MAXIMIZE YOUR ENGINE'S POWER
POTENTIAL
So now you can
get your engine started on a regular basis, but you’re still
struggling with the fine-tuning that will score you a win at the
racetrack (or bragging rights at the parking lot). Properly tuning a
nitro engine can make that difference without jeopardizing its
health. It takes time to learn how to really tune your engine,
however. There’s a certain “feel” to how your car drives and a
certain sound you’ll come to know when your engine has been ideally
tuned. Other cues that you feel and hear tell you what to adjust
when your engine isn’t running properly. When it’s time to tune your
engine, there’s no substitute for plain old experience. Reading
about engine tuning is helpful, but you need to experiment with your
engine to improve your tuning skills. The good news is that the
following tips will help you avoid some of the pitfalls of
fine-tuning and achieve tuning proficiency more quickly.

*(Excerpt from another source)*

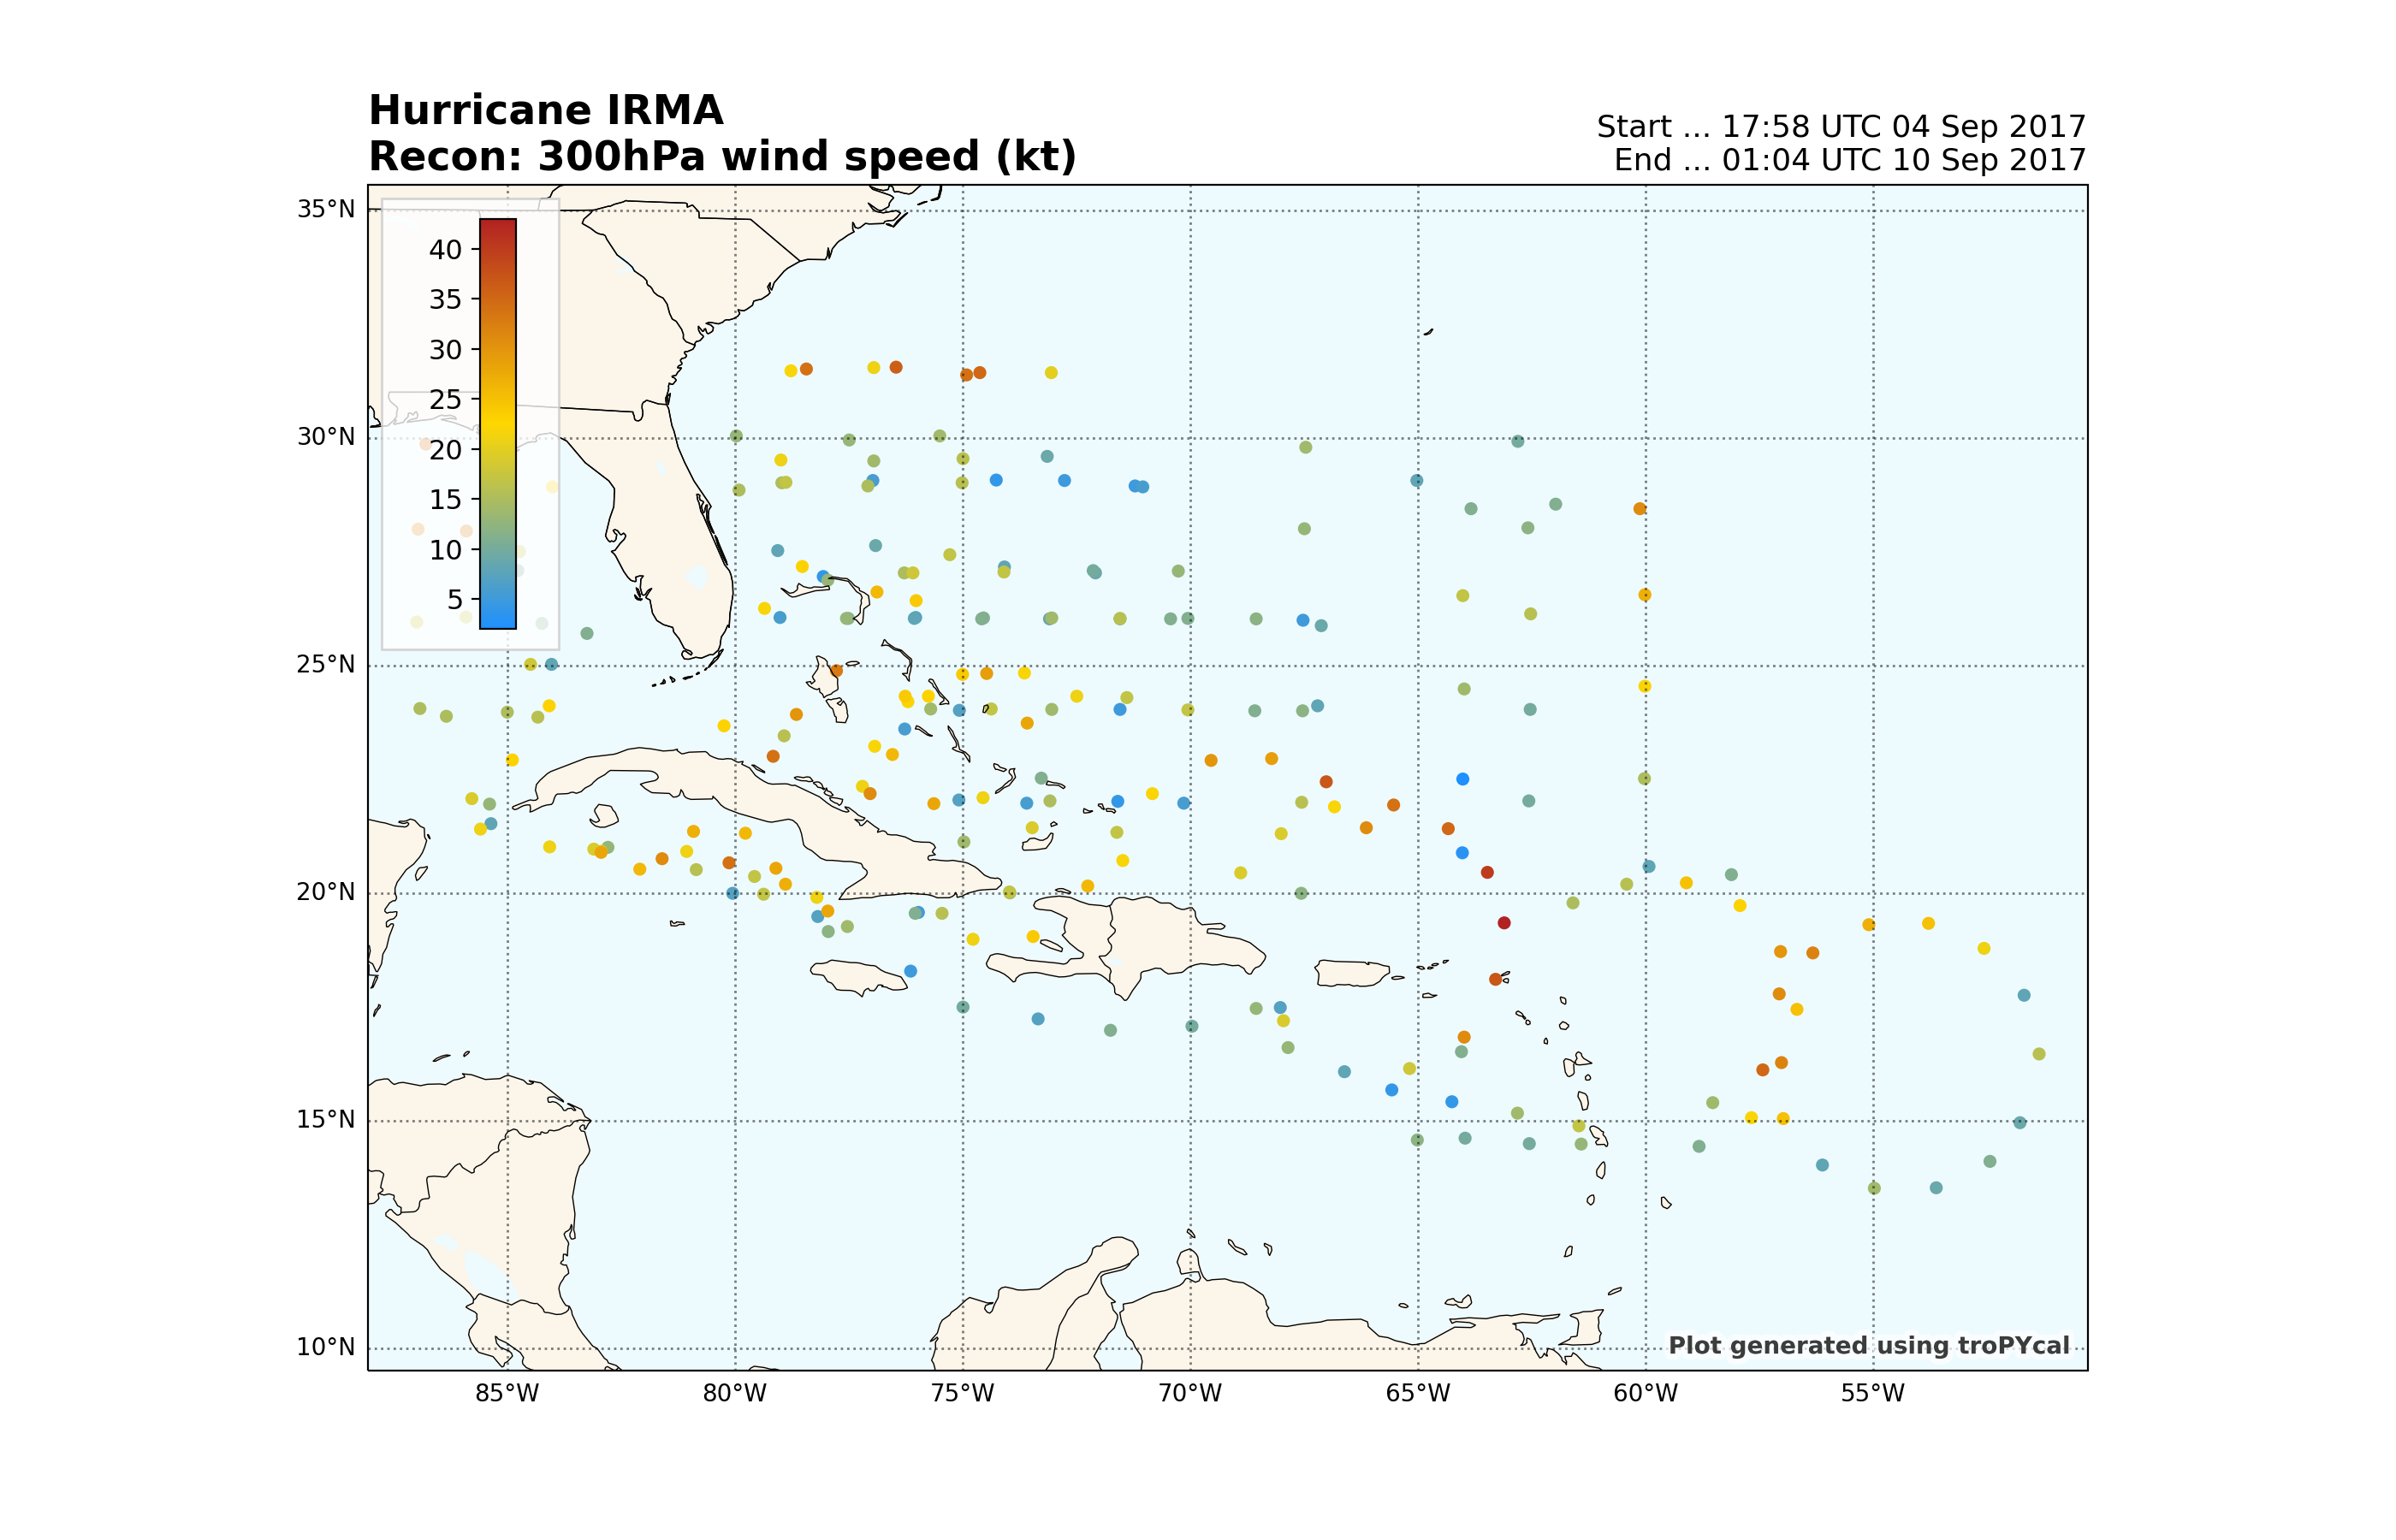 Hurricane IRMA Recon: 300hPa wind speed (kt), Start ... 17:58 UTC 04 Sep 2017 End ... 01:04 UTC 10 Sep 2017

BASE-LINE MIXTURE SETTINGS
Engine manufacturers often include base-line settings for the
mixture needles, so it’s wise to start with these. If this
information is not provided, then you must arrive at needle settings
that will get the engine started. A universal starting point is
usually about 1 turn open (counterclockwise) on the low-speed needle
and somewhere in the 2- to 3-turn range on the high-speed needle.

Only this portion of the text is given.